# Lecture 7 – The giant component

I am aiming to write a short post about each lecture in my ongoing course on Random Graphs. Details and logistics for the course can be found here.

As we edge into the second half of the course, we are now in a position to return to the question of the phase transition between the subcritical regime $\lambda<1$ and the supercritical regime $\lambda>1$ concerning the size of the largest component $L_1(G(n,\lambda/n))$.

In Lecture 3, we used the exploration process to give upper bounds on the size of this largest component in the subcritical regime. In particular, we showed that $\frac{1}{n}\big| L_1(G(n,\lambda/n)) \big| \stackrel{\mathbb{P}}\rightarrow 0.$

If we used slightly stronger random walk concentration estimates (Chernoff bounds rather than 2nd-moment bounds from Chebyshev’s inequality), we could in fact have shown that with high probability the size of this largest component was at most some logarithmic function of n.

In this lecture, we turn to the supercritical regime. In the previous lecture, we defined various forms of weak local limit, and asserted (without attempting the notationally-involved combinatorial calculation) that the random graph $G(n,\lambda/n)$ converges locally weakly in probability to the Galton-Watson tree with $\text{Poisson}(\lambda)$ offspring distribution, as we’ve used informally earlier in the course.

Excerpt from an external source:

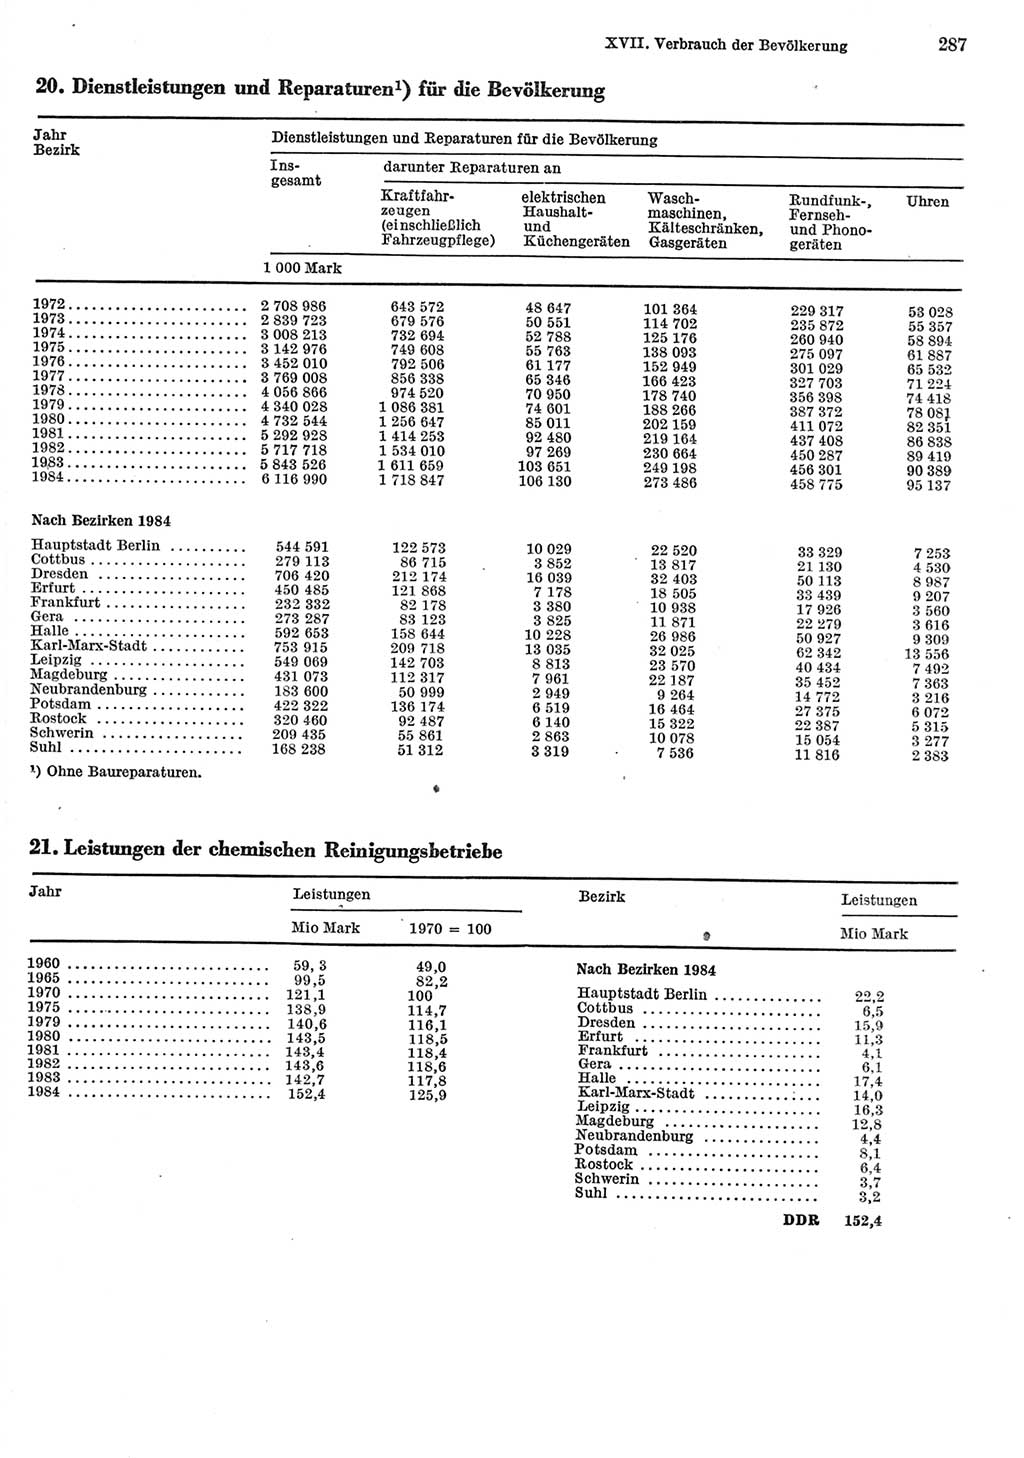 Statistisches Jahrbuch der Deutschen Demokratischen Republik (DDR) 1985, Seite 287 (Stat. Jb. DDR 1985, S. 287)

Of course, when $\lambda>1$, this branching process has strictly positive survival probability $\zeta_\lambda>0$. At a heuristic level, we imagine that all vertices whose local neighbourhood is ‘infinite’ are in fact part of the same giant component, which should occupy $(\zeta_\lambda+o_{\mathbb{P}}(1))n$ vertices. In its most basic form, the result is $\frac{1}{n}\big|L_1(G(n,\lambda/n))\big|\;\stackrel{\mathbb{P}}\longrightarrow\; \zeta_\lambda,\quad \frac{1}{n}\big|L_2(G(n,\lambda/n))\big| \;\stackrel{\mathbb{P}}\longrightarrow\; 0,$ (*)

where the second part is a uniqueness result for the giant component.

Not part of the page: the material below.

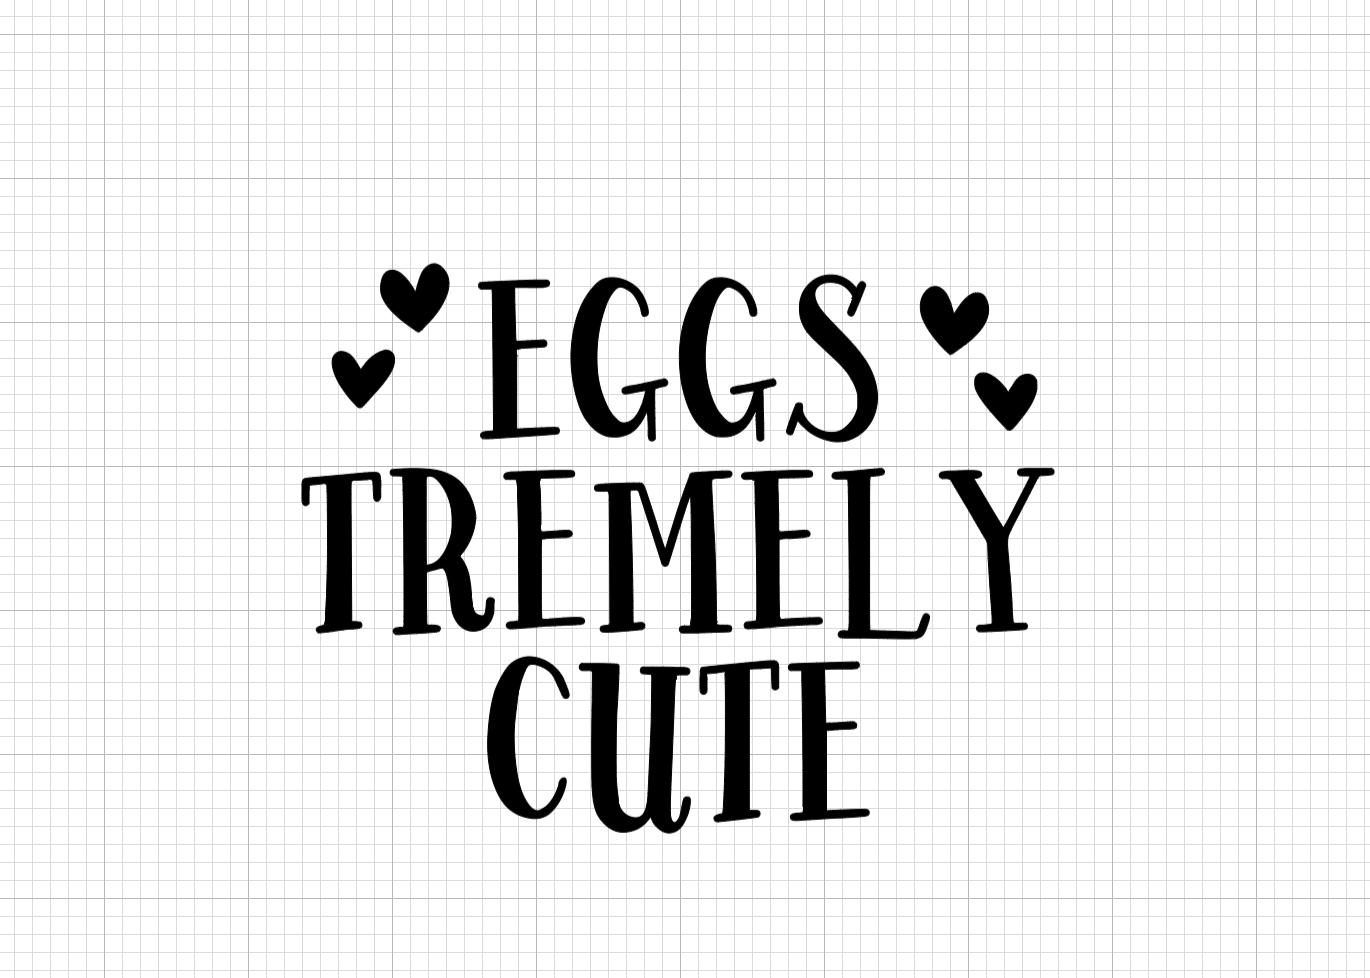 Eggs-Tremelyl Cute Vinyl Add-on

The usual heuristic for proving this result is that all ‘large’ components must in fact be joined. For example, if there are two giant components, with sizes $\approx \alpha n,\approx \beta n$, then each time we add a new edge (such an argument is often called ‘sprinkling‘), the probability that these two components are joined is $\approx 2ab$, and so if we add lots of edges (which happens as we move from edge probability $\lambda-\epsilon\mapsto \lambda$ ) then with high probability these two components get joined.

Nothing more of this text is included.